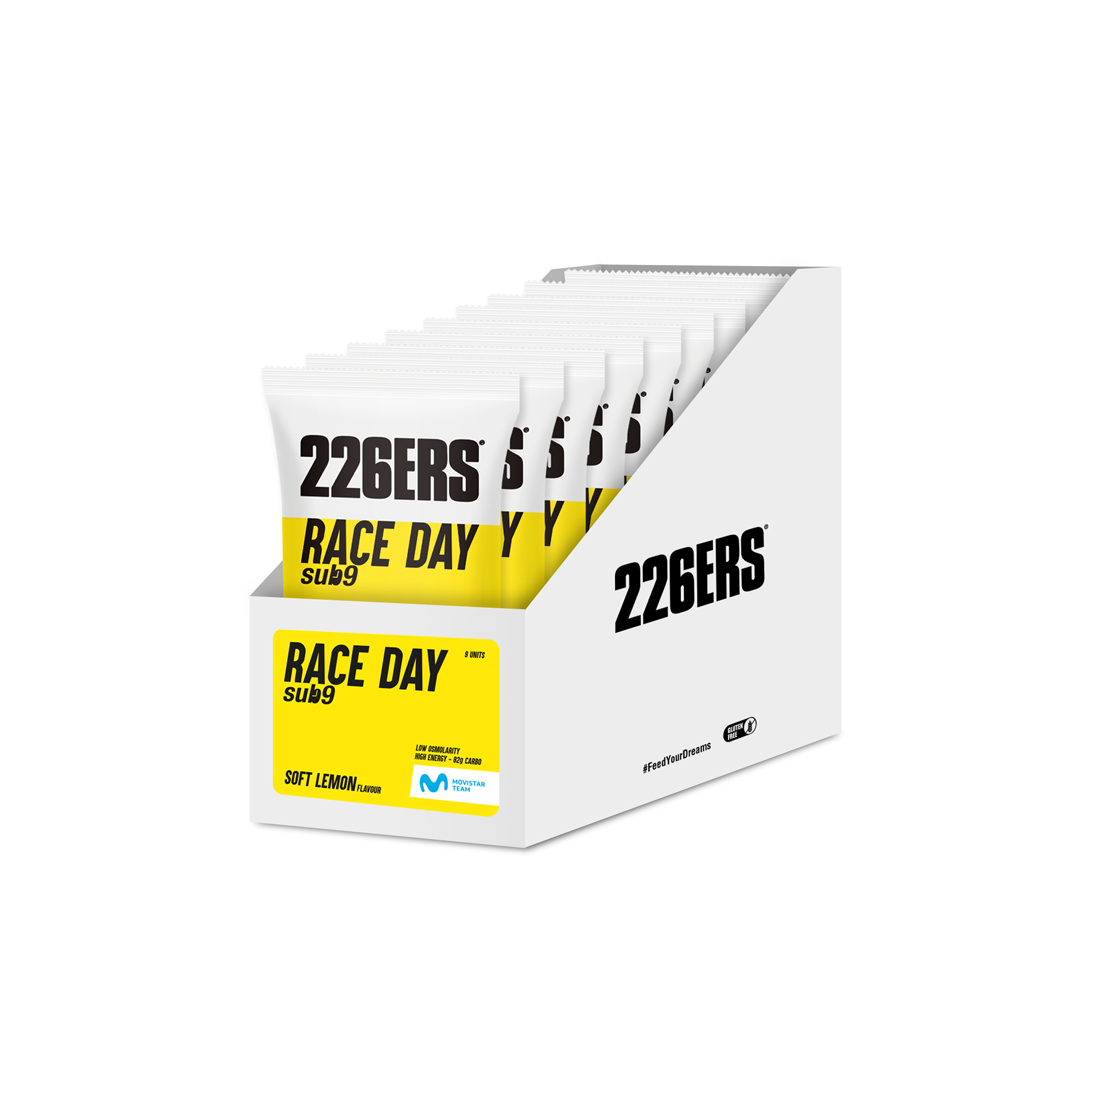 BOX – 9 SUB9 RACE DAY
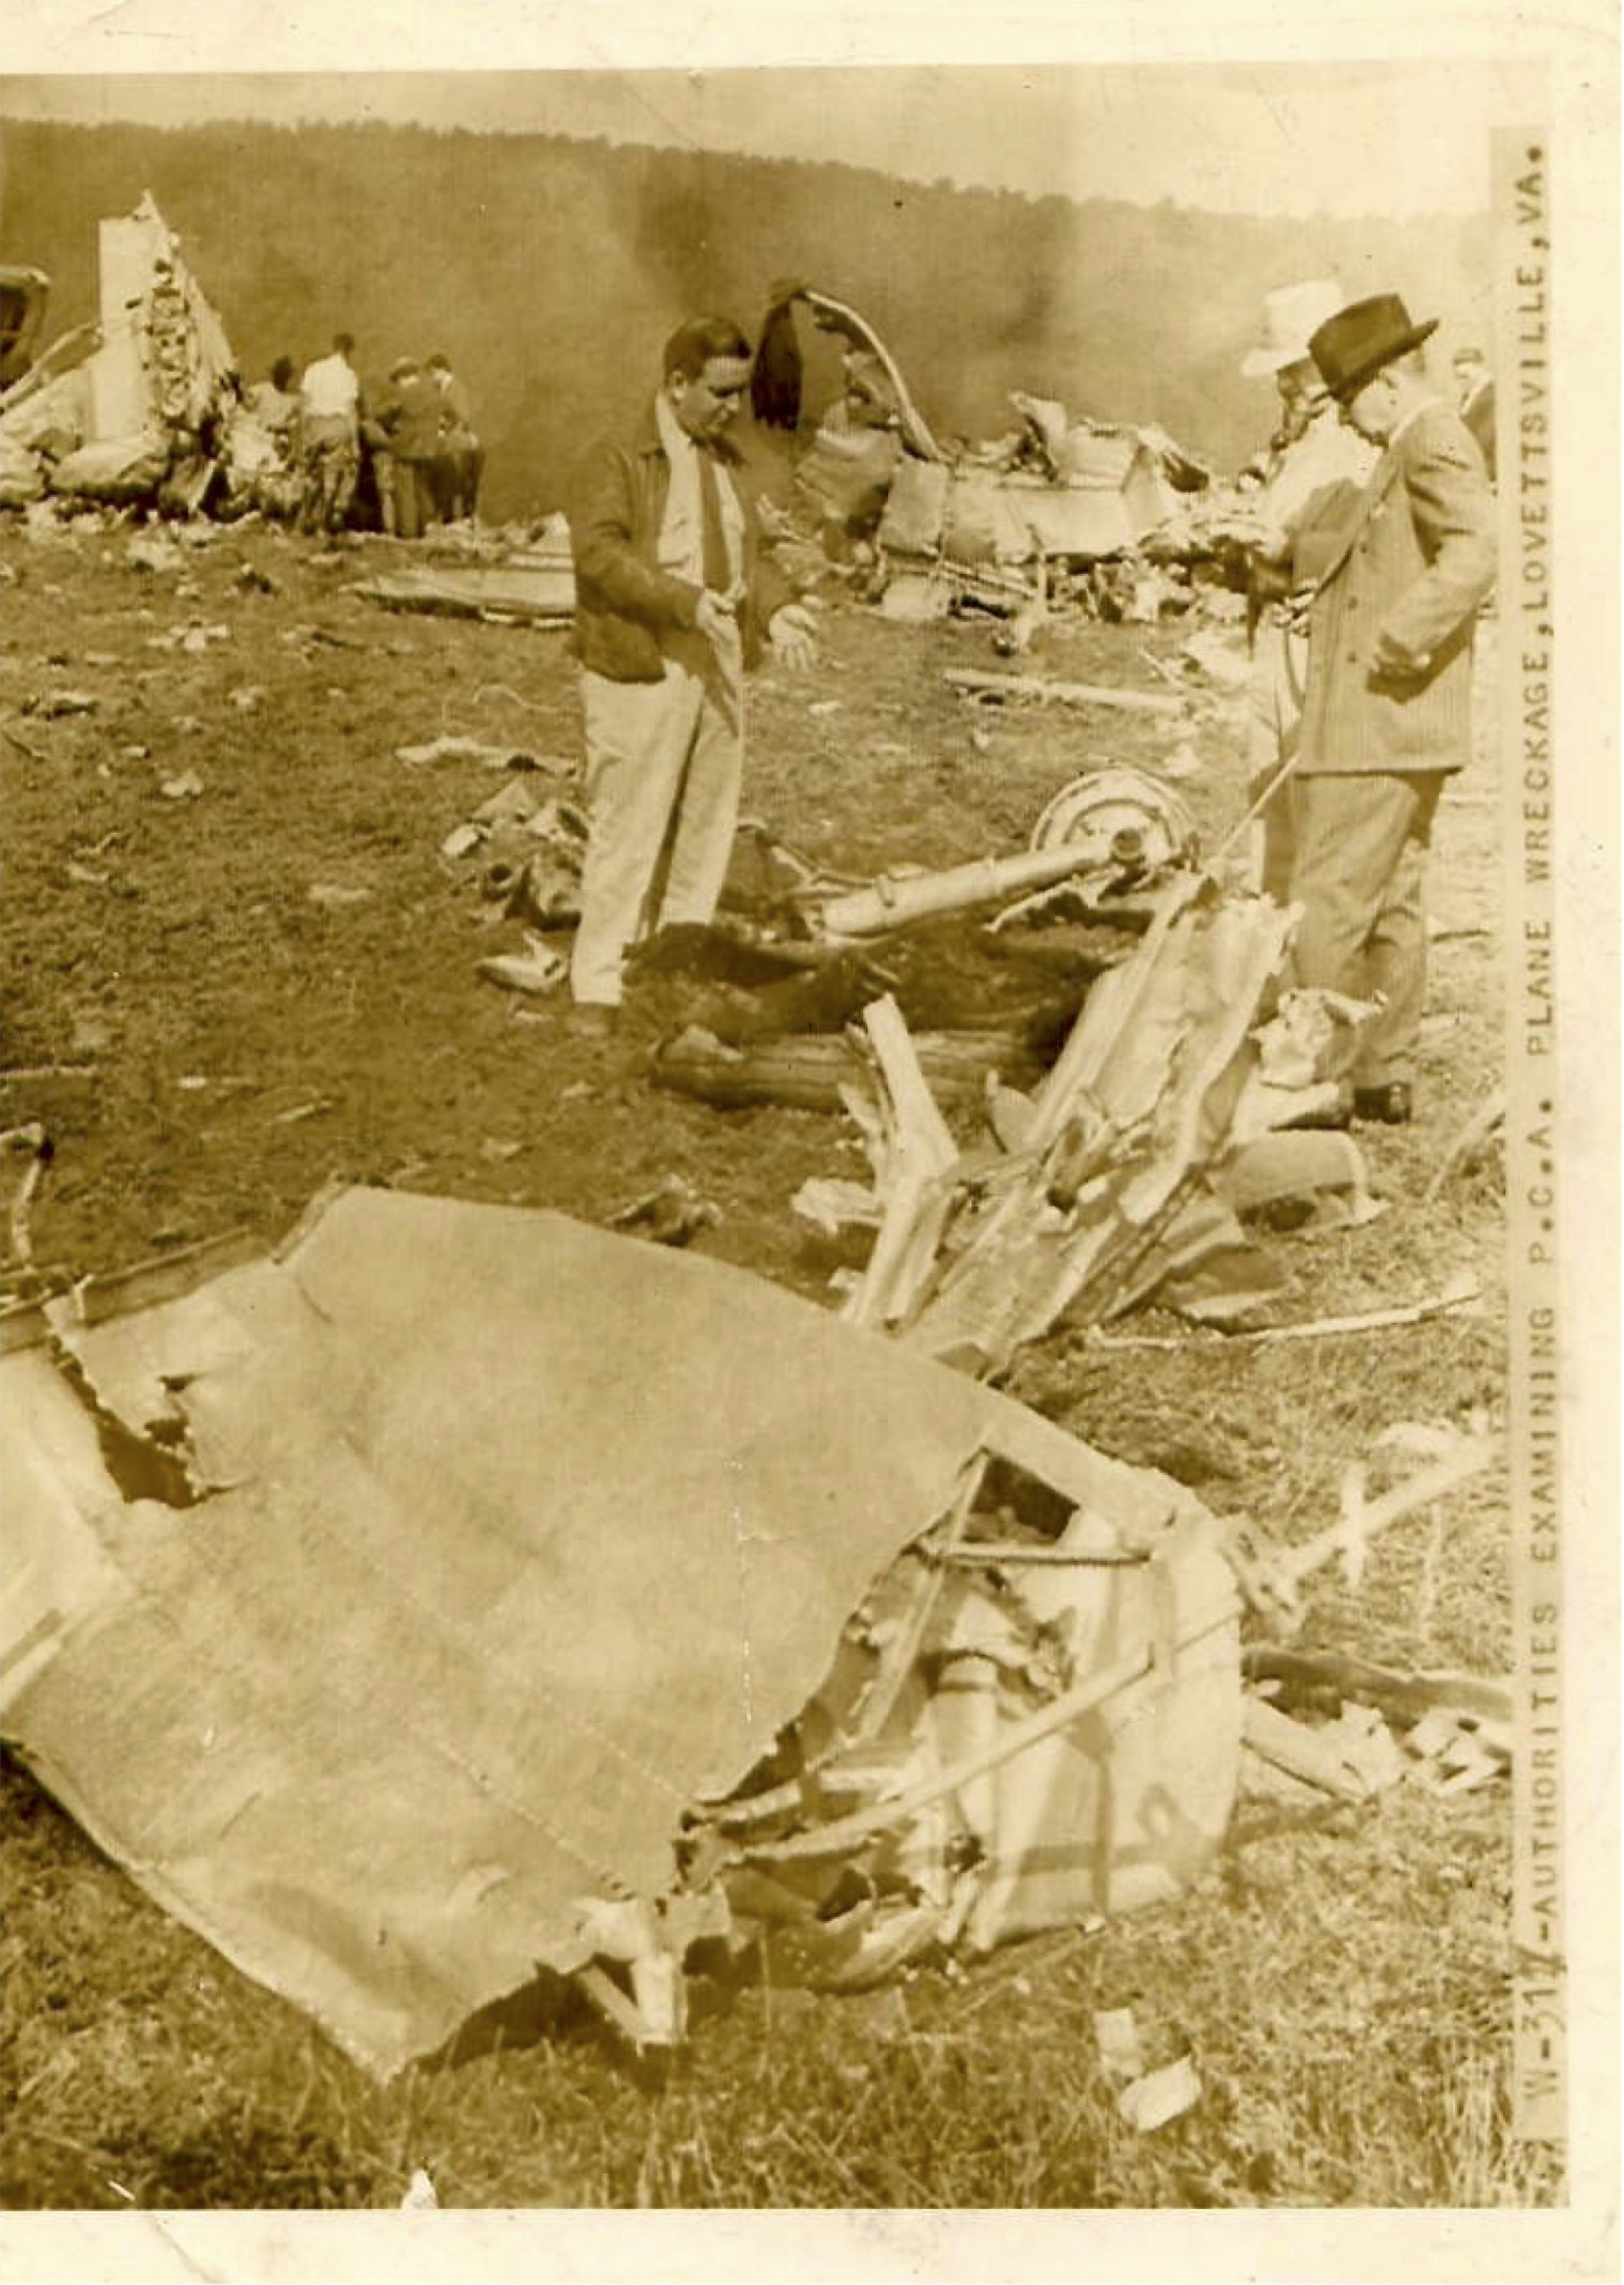 1940-lovettsville-air-disaster-newspicture-jpeg-from-ebay_enhanced
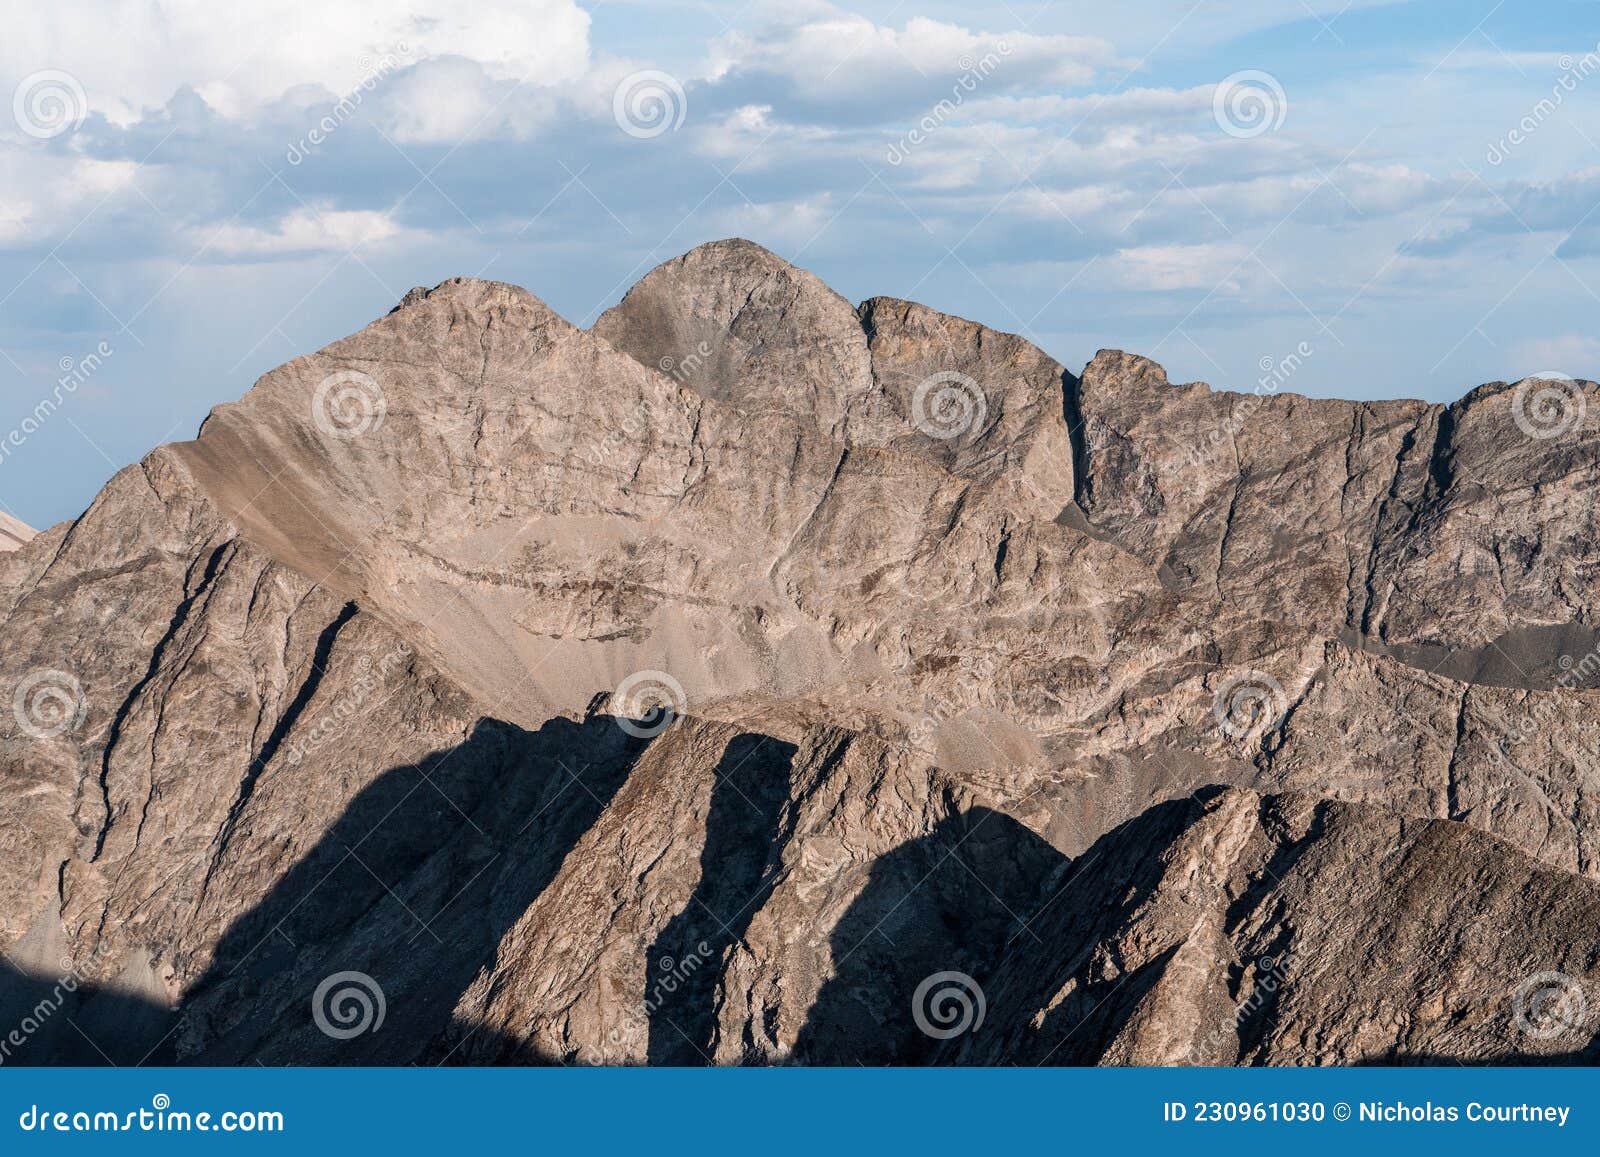 blanca peak and little bear peak. sangre de cristo mountains, colorado rockies

> [Brief]: Transcribe the data exactly, minus any images.

> [Your response]:
 BOX – 9 SUB9 RACE DAY
 1940-lovettsville-air-disaster-newspicture-jpeg-from-ebay_enhanced
 blanca peak and little bear peak. sangre de cristo mountains, colorado rockies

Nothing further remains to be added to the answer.